# Houston's Unsung Hero



## Ben (Nov 7, 2006)

> The road to the NBA is never an easy one, even for the kids who wind up as first round draft picks with guaranteed contracts handed to them. Chuck Hayes wasn't drafted into the NBA, so his journey was even harder. He worked his way into the league by standing out in the NBADL and catching the attention of the Houston Rockets. He recorded a double-double in the second game of his first ten-day contract in January of 2006 and he's been an invaluable member of the team ever since.
> 
> "It's really an internal drive," Hayes says of what got him to this point of his career. "This is what I've wanted to do all my life. It would have been great to hear my name called on draft night, but mine wasn't, unfortunately. I had to take the alternate route through the D-League and I enjoyed my experience down there. It was a learning experience, a humbling experience, and it showed me that everybody has a different story, a different path. Mine took the Albuquerque route and came back here."

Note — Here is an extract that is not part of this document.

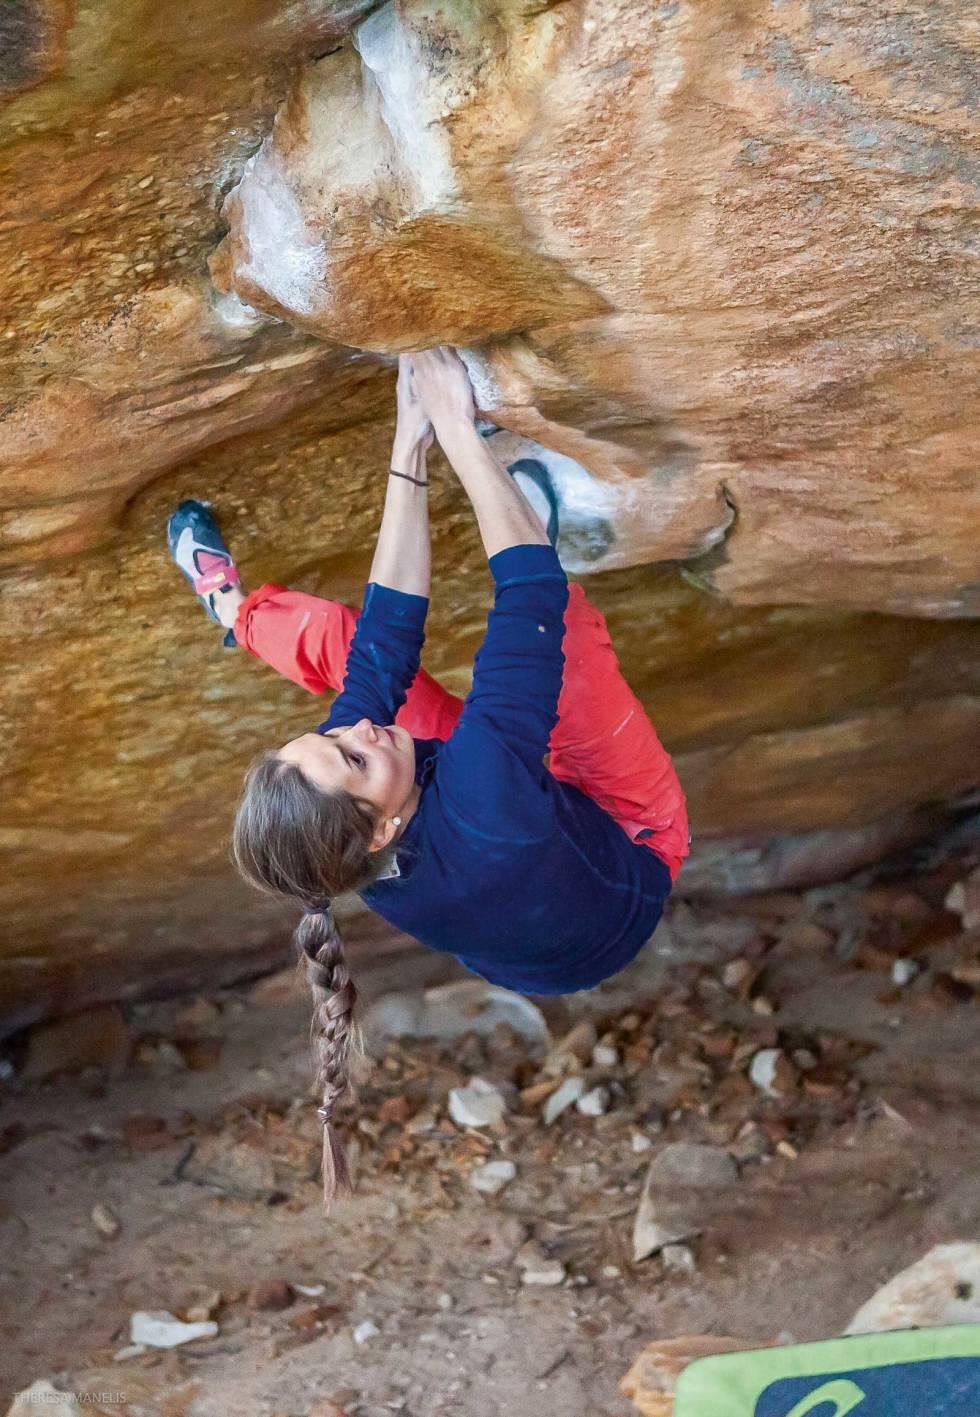 Et-år-på-klatretur-7

http://www.hoopsworld.com/Story.asp?story_id=14308

Just checked out his stats, and was suprised to see he's in the top 10 for steals per game! I knew he was a good defender, didn't know he got steals too. Is he one of the more underrated defenders in the league?


----------



## Spaceman Spiff (Aug 2, 2006)

I been saying Chuck Hayes should have been on the All-NBA defense team last year. He has repeatedly come in and shut down whoever he's guarding. He get's those Karl Malone type steals where he strips the ball from players holding it too low.


----------



## OneBadLT123 (Oct 4, 2005)

hes our little dennis rodman


----------



## Dream Hakeem (Apr 20, 2006)

I love Hayes! His story is amazing and his passion, hustle, attitude can't be praised enough. I don't think he'll ever get the credit he deserves from NBA fans. Oh well, he'll be our best kept secret.


----------



## OneBadLT123 (Oct 4, 2005)

He was one of JVG beast coaching moves in Houston.


----------



## Dream Hakeem (Apr 20, 2006)

I miss Jeff. He sure knew how to get every drop of talent from his players, and he was a dog on Defense. I enjoy him on ESPN though for the most part. Maybe he'll return to coaching one day, or even assist Adelman sometime in the future.


----------